Annex A. OECD team and authors of the report

Beatriz Pont is a senior education policy analyst at the OECD Directorate for Education and Skills, with extensive experience in education policy reform internationally. She currently leads the OECD’s Implementing Education Policies Programme. She has specialised in education policy and reform more generally, and in specific areas such as equity and quality in education, school leadership, adult learning and adult skills. She has also worked with individual countries such as Greece, Japan, Mexico, Norway, Sweden, the United Kingdom (Wales) and others in their school improvement reform efforts and launched the comparative series Education Policy Outlook. Previously, Beatriz was a researcher on education and social policies in the Economic and Social Council of the Government of Spain and worked for Andersen Consulting (Accenture). She studied Political Science at Pitzer College, Claremont, California, and holds a Master’s degree in international affairs from Columbia University and a PhD in Political Science from Complutense University, Madrid. She has been a research fellow at the Institute of Social Sciences (Tokyo University), at the Laboratory for Interdisciplinary Evaluation of Public Policies (LIEPP, Sciences Po, Paris) and was granted an honorary doctorate from Sheffield Hallam University.

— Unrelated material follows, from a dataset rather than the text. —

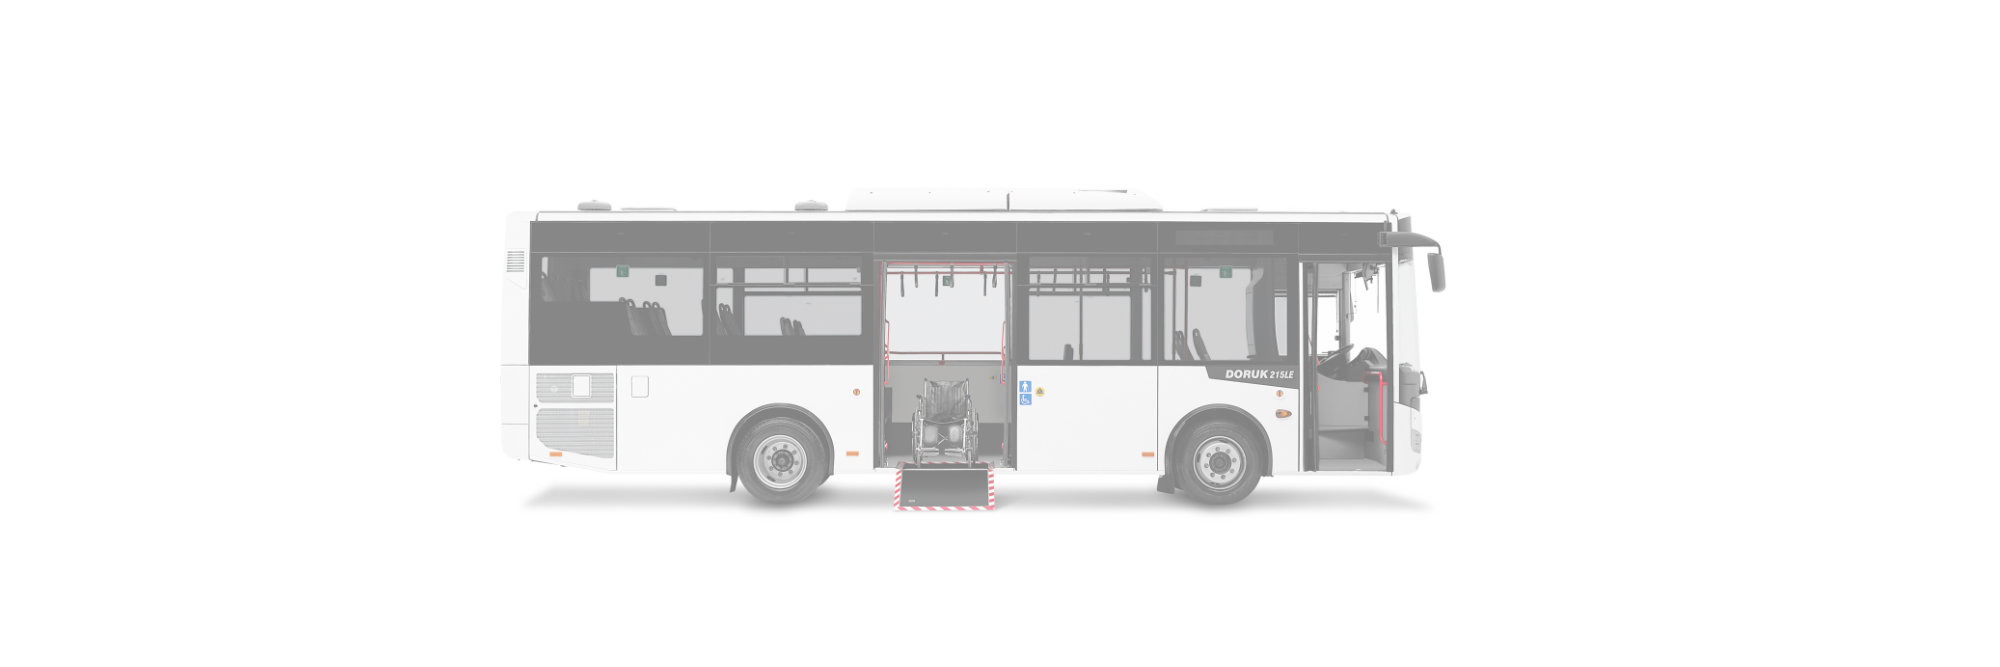 Decopan Passenger otobüs, midibüs, minibüs, tramvay CTP levha

Claire Sinnema is an Associate Professor at the Faculty of Education and Social Work, the University of Auckland. Her research focuses on educational improvement, and particularly on curriculum, networks, educational leadership, practitioner inquiry and standards. Claire’s research and advisory work spans the design of education-related policies, the realisation of those policies in educational settings, and the interactions amongst educators, including those in networks, as they seek to improve teaching and learning. She has a particular interest in the concept of educational systems that learn. Claire employs mixed methods approaches integrating theory of action analysis, problem-based methodology and social network analysis, and uses a range of qualitative and quantitative methods. Claire has had extensive involvement in curriculum reform work (including in New Zealand, Wales, Norway and Croatia), including national evaluations of curriculum implementation, and has served on numerous reference and advisory groups for national education agencies in New Zealand and beyond. She was appointed in 2018 to the New Zealand Government's Ministerial Advisory Group on Curriculum, Progress and Achievement and also serves as a member of the Welsh Government's Curriculum and Assessment Group. Before pursuing her academic career, Claire was a primary school teacher and Deputy Principal. See full bio: https://unidirectory.auckland.ac.nz/profile/c-sinnema.

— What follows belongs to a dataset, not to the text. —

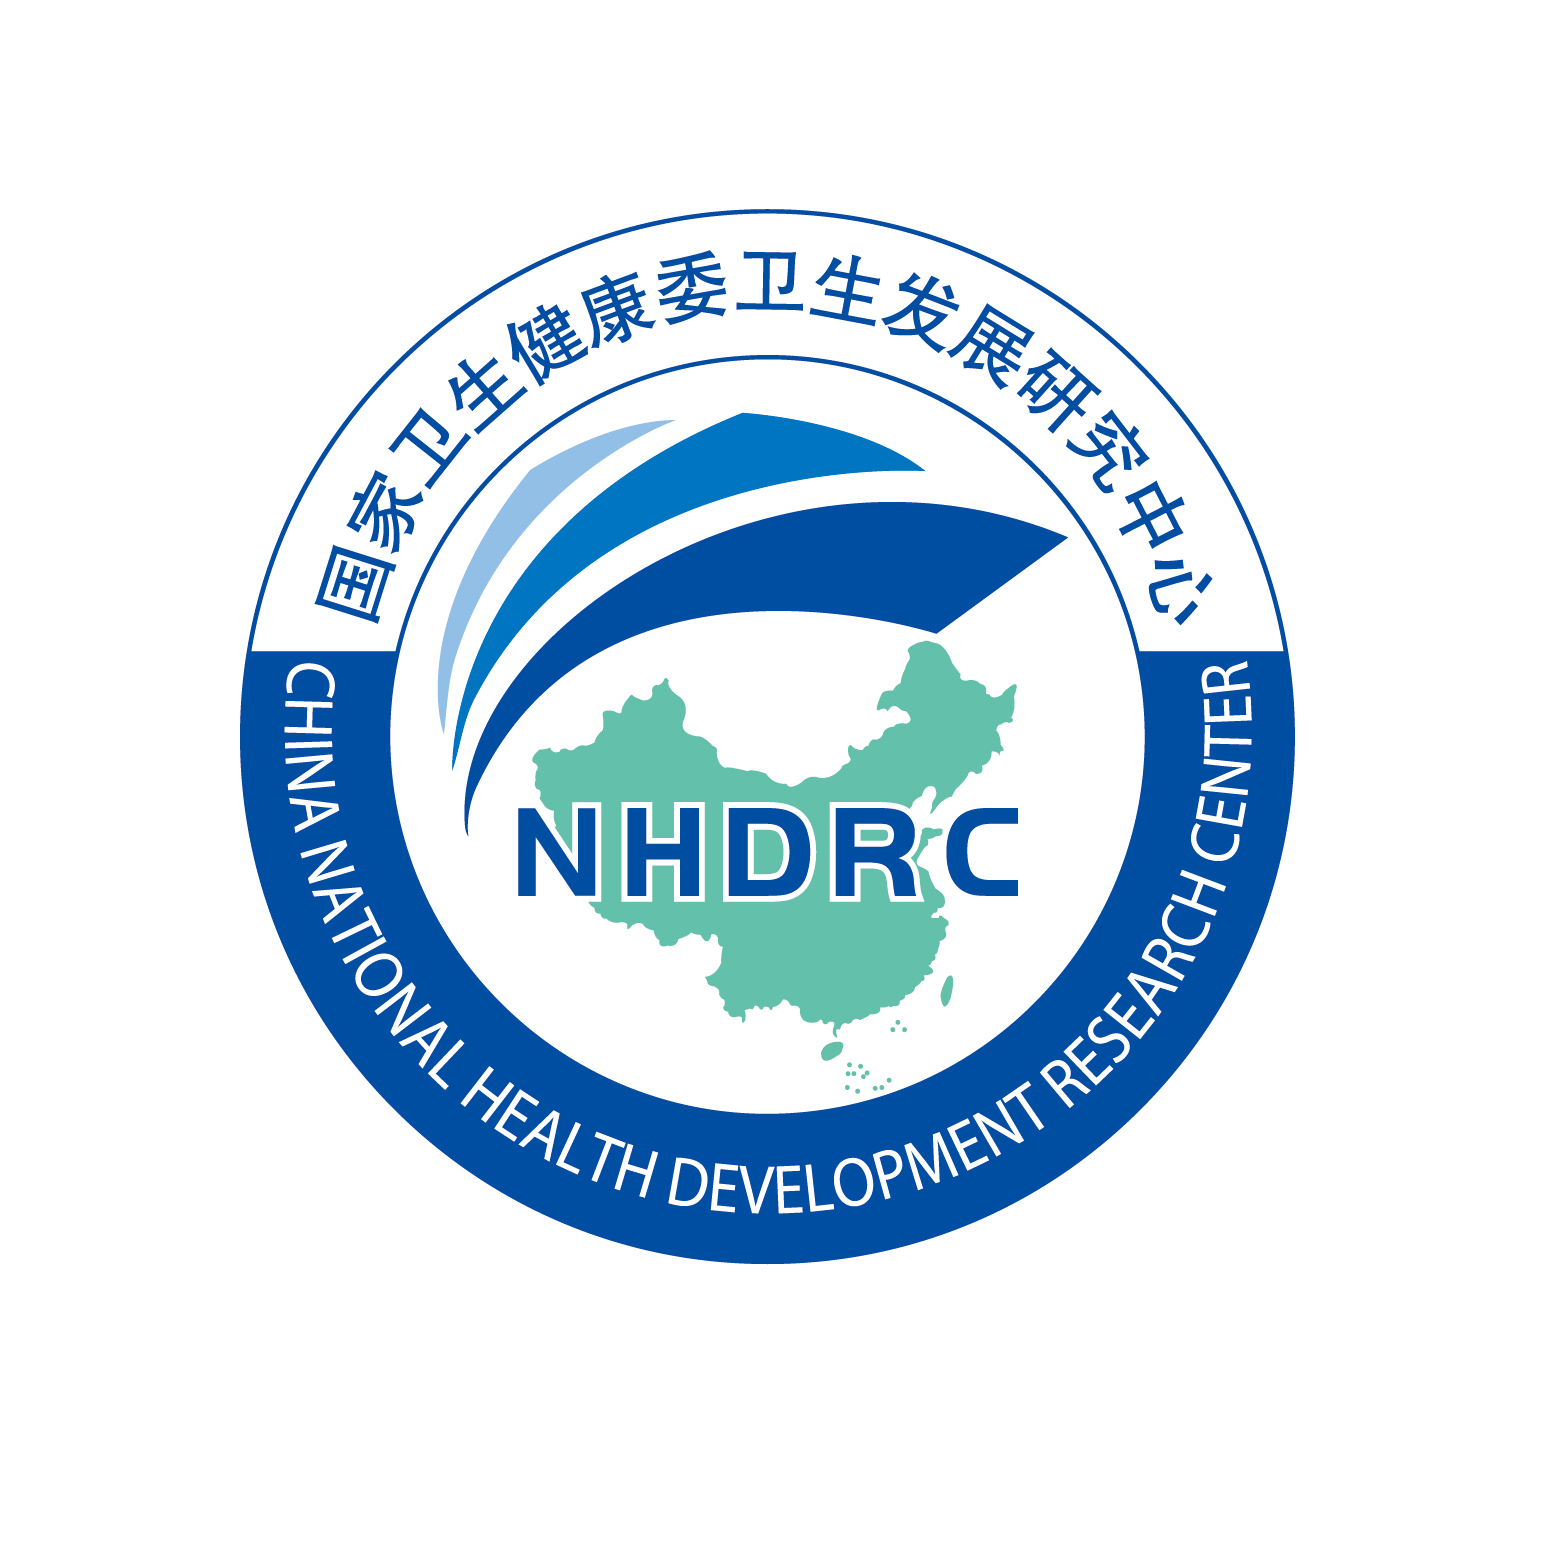 NHDRC logo - China National Health Development Research Center

Romane Viennet is a policy consultant with the OECD’s Implementing Education Policies Programme of the OECD Directorate for Education and Skills. She co-ordinated the 2019 OECD Assessment of Wales’ curriculum reform and has previously taken part in similar OECD assessments of school education policies in Mexico, Norway and Ireland. Romane holds a Master’s degree in International Affairs and a B.A. in political science and economics, both from Sciences Po Paris. As a student, she was invited to advise the French Government on their education reform priorities in 2018-19. She has worked previously as a social impact analyst in France, and as a research assistant in behavioural economics projects in Cornell University, New York. Her research interests include education policy implementation and change processes in public policy.